John S. Quarterman (born April 27, 1954) is an American author and longtime Internet participant. He wrote one of the classic books about networking prior to the commercialization of the Internet. He has also written about risk management.

==Biography==

Quarterman grew up in the Bemiss community, near Valdosta, Georgia, US.

He first used the ARPANET in 1974 while attending Harvard, and worked on UNIX ARPANET software at BBN (the original prime contractor on the ARPANET) from 1977 to 1981. He was twice elected to the board of directors of the USENIX Association, a professional association related to the UNIX operating system. While on that board, he was instrumental in its vote in 1987 to approve the first funding received by UUNET, which, along with PSINet, became one of the first two commercial Internet Service Providers (ISPs).

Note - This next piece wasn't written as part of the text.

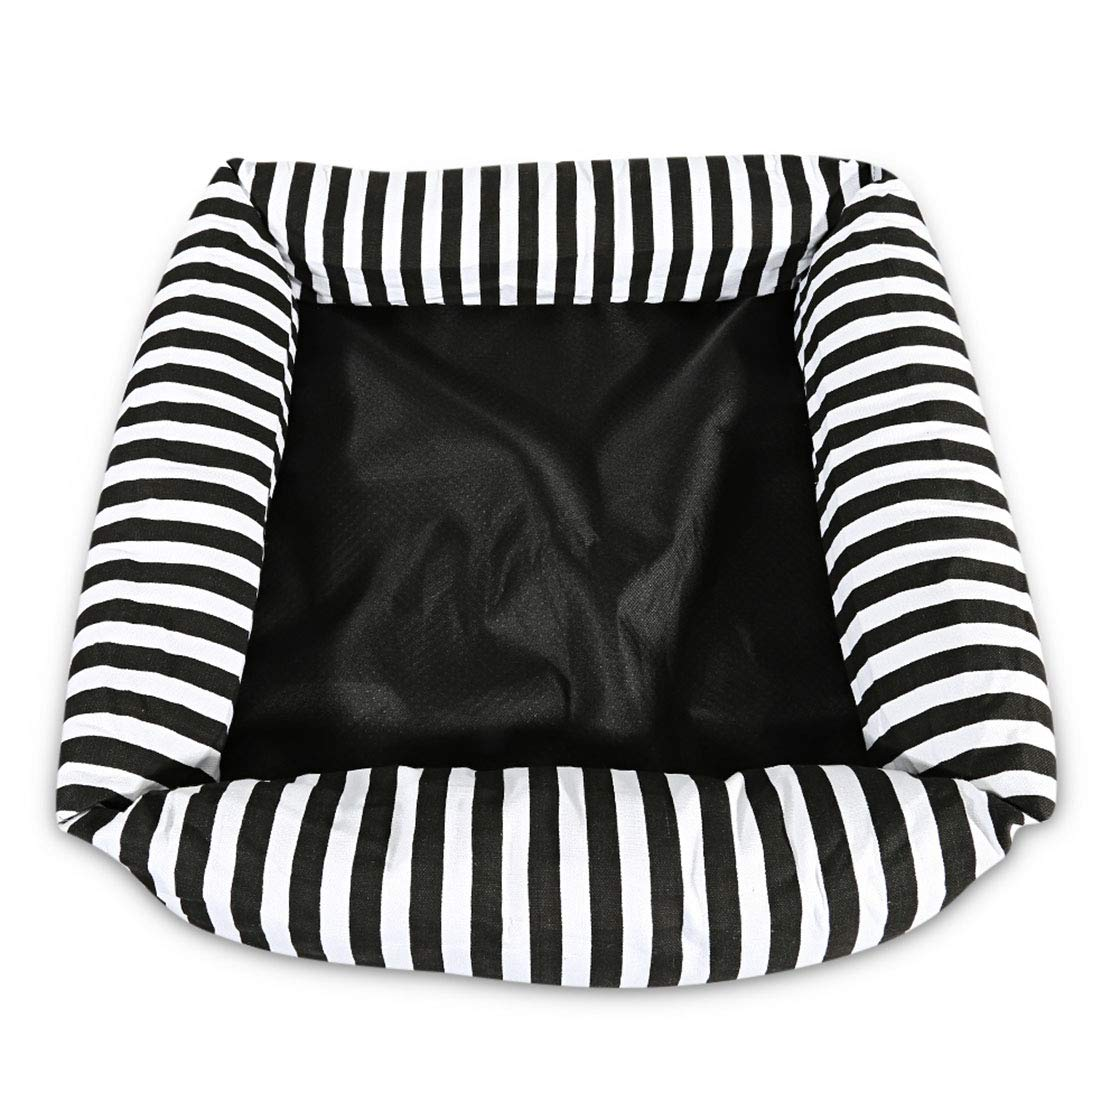 Black 44X44X17CM Black 44X44X17CM Striped Dog Bed Soft Warming Material Back Nest Cat Baskets Fall Winter Warm Pet House

He co-founded the first Internet consulting firm in Texas (TIC) in 1986, and co-founded one of the first ISPs in Austin (Zilker Internet Park, since sold to Jump Point). He was a founder of TISPA, the Texas ISP Association.

He was a founder and Chief Technology Officer of Matrix NetSystems Inc., established as Matrix Information and Directory Services (MIDS) in 1990. At Matrix, Quarterman published the first maps of the whole Internet; conducted the first Internet Demographic Survey and started the first continuing series of performance data about the entire Internet in 1993, on the web since 1995 in the Internet Weather Report, and also visible as Internet Average, plus comparisons of ISPs visible as ISP Ratings. Matrix NetSystems, which had also been known as Matrix.Net, Inc., merged with Alignment Software, Inc. in April, 2003, briefly becoming Xaffire Inc., before Keynote Systems, Inc. acquired Xaffire's Austin operations in December 2003, and private equity firm Thoma Bravo merged Keynote, which it had acquired in 2013, into Dynatrace.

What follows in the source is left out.